Like I was saying,they talk about how their Grandparents did it back in the day.
And they still have some of the tractors they used way back when.
Cole the Cornstar,ya it's a Corny name pun intended, has been rebuilding his Grandfathers Huge farmhouse!!
If I remember correctly it was built in 1920.
The tech and the enormity of these of these farms is what gets me.
They're by no means the poor farmer. The Larsons in particular as well as the Millennial farmer.
These people are raking in the bucks!!
of course some survived,,,but the fact is technology has caused most family farms to disappear and the ones that survived are one season away from losing everything,,,
the corp. farms are destroying everything about farming,,,
Oh I agree.
While it's sad It was bound to happen in today's world. From what I can tell all three of the farming channels I posted sell their corn to methanol plants.
They do however grow a lot of soybeans as well.
I plan on doing some small plot farming when the Wife retires and we move back to the boonies.
Maybe a couple of acres of our favorite veggies like sweetcorn, tomatoes,various peppers,maybe some watermelons and the Wife will insist on some squash....
I can definitely get into some small plot farming,the huge farms fascinate me just for the tech.
from what I'm seeing is theres a movement to find a middle ground for tech and farming that can make a return to family farms and push back against the corp. farms,,,
time will tell,,
I have 12 acres inside the city and am working to make it back into a farm,,,
Organic farming is definitely getting big.
We go to a farmers market about 30 miles from the house just for the tomatoes.
I feel sorry for todays youth who have never tasted a tomato other than what they get from the grocery store.
Same goes with yardbirds and eggs.
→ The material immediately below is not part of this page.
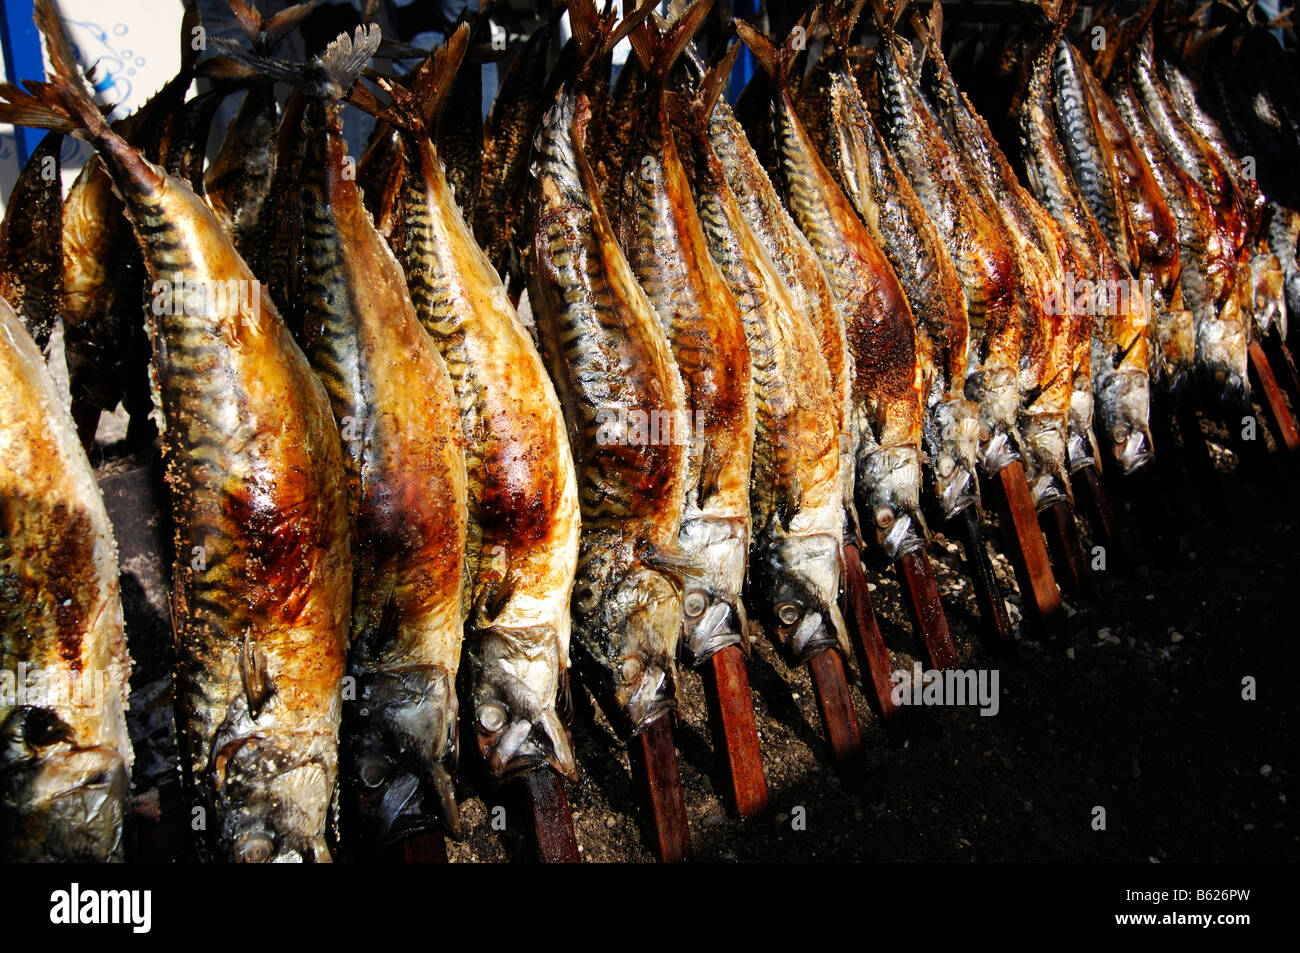 Staked fish in front of Fischer Vroni, Wies'n, Oktoberfest, Munich, Bavaria, Germany, Europe Stock Photo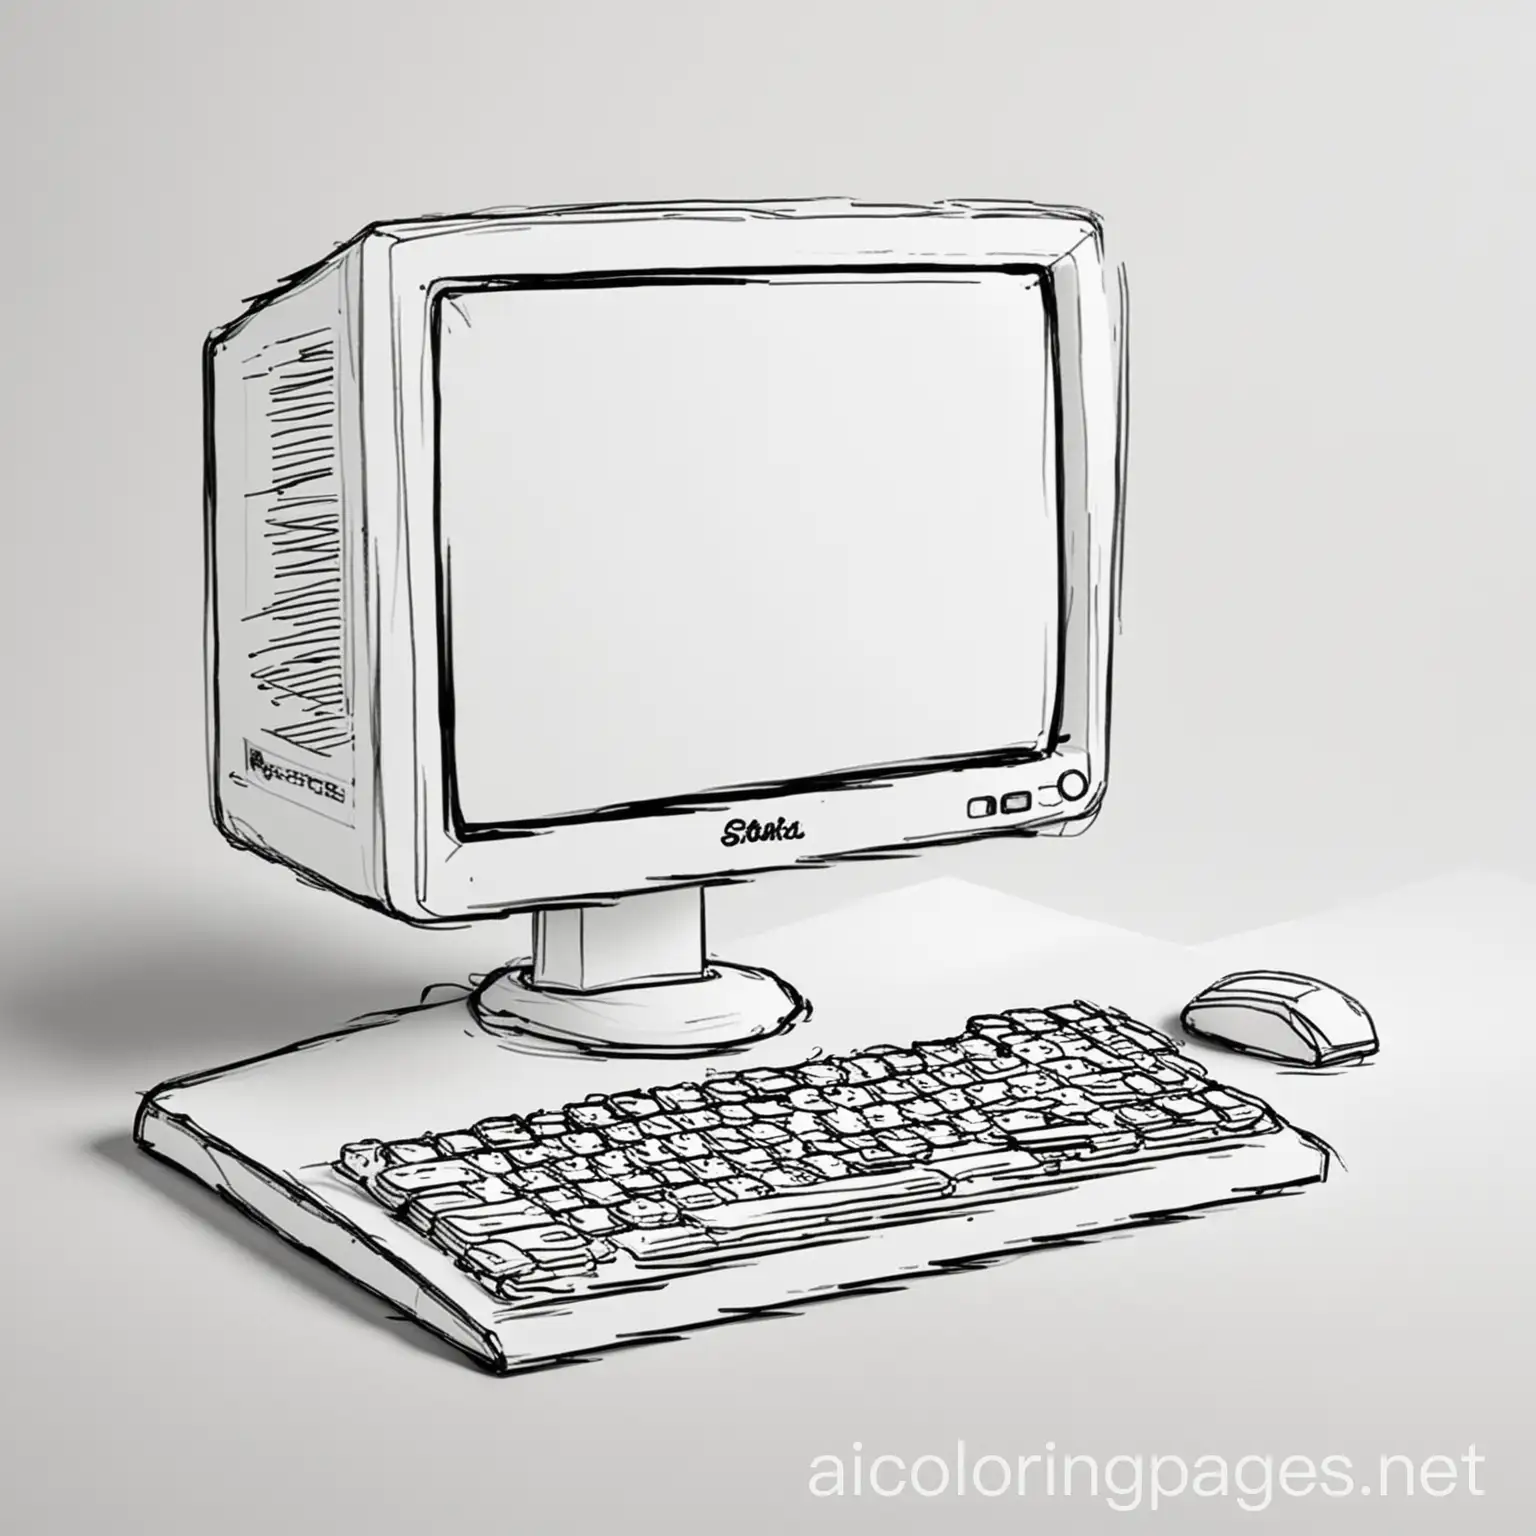 CREATE A PHOTO OF A COLORFUL AND REALISTIC COMPUTER, Coloring Page, black and white, line art, white background, Simplicity, Ample White Space. The background of the coloring page is plain white to make it easy for young children to color within the lines. The outlines of all the subjects are easy to distinguish, making it simple for kids to color without too much difficulty

There's just no comparison in the taste.
Yeah that frakinfood shit like the tomatoes or any piece of fruit you pick up in a grocery store today
is made of leacverite. Meaning leave it right their and let it rot into store because I won't buy the shit anymore.
I'm also done with farm subsidies. We've been paying to grow shit we don't need since the dust bowl so they invent crap like ethanol to create a phony market for the stuff. It's time to let the free market set prices and get taxpayer dollars to hell out of it. Let Midwest politicians buy their votes with their own damn money for a change.